**TASK DETAILS:** Scan the records and identify every line in which the string "with" occurs, then return those lines.

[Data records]
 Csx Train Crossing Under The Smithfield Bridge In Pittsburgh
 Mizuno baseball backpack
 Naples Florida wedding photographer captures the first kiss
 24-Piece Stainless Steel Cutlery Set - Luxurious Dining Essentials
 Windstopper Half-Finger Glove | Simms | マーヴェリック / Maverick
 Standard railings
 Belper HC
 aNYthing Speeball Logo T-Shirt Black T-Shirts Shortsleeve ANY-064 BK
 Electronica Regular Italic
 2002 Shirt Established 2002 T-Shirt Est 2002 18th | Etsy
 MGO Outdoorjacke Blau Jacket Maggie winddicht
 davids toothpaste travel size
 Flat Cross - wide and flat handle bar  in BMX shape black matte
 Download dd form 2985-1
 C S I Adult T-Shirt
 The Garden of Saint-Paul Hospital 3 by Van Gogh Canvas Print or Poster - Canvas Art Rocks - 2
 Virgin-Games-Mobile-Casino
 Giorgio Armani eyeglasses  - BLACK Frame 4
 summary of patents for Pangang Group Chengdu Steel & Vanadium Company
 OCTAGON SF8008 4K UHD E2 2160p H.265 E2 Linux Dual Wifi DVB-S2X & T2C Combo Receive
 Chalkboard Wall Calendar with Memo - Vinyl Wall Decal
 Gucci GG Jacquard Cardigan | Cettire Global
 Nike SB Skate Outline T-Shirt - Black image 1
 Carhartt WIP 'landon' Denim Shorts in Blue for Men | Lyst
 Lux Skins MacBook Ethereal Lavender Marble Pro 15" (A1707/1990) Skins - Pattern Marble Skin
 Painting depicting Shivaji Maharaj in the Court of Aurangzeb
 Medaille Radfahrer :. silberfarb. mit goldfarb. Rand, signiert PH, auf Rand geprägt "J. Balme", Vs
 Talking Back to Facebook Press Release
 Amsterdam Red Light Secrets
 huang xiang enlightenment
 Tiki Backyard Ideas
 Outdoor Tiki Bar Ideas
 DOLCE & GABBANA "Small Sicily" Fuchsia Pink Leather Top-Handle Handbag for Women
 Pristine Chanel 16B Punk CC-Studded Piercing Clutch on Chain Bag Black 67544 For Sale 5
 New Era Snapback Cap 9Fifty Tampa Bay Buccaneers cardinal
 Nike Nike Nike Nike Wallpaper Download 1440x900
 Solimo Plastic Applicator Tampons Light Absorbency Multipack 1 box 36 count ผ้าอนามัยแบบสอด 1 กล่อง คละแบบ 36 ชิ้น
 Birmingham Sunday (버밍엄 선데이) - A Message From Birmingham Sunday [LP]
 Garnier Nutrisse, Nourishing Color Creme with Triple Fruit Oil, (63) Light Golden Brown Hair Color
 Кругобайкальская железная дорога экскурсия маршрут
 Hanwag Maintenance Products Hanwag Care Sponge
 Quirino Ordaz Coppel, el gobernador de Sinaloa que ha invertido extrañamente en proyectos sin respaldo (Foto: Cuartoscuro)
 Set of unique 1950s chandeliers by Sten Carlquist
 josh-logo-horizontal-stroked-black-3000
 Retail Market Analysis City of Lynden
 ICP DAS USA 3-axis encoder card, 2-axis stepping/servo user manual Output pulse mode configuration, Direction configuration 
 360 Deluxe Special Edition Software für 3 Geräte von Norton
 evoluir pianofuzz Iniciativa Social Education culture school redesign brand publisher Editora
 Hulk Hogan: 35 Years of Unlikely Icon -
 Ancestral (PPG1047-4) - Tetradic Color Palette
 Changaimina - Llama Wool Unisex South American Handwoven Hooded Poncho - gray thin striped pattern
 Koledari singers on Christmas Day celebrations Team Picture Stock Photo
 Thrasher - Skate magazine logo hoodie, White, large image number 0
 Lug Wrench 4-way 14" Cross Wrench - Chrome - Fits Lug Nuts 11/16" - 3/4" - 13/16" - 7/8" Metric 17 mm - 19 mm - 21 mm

**TASK SOLUTION:**
 Chalkboard Wall Calendar with Memo - Vinyl Wall Decal
 Garnier Nutrisse, Nourishing Color Creme with Triple Fruit Oil, (63) Light Golden Brown Hair Color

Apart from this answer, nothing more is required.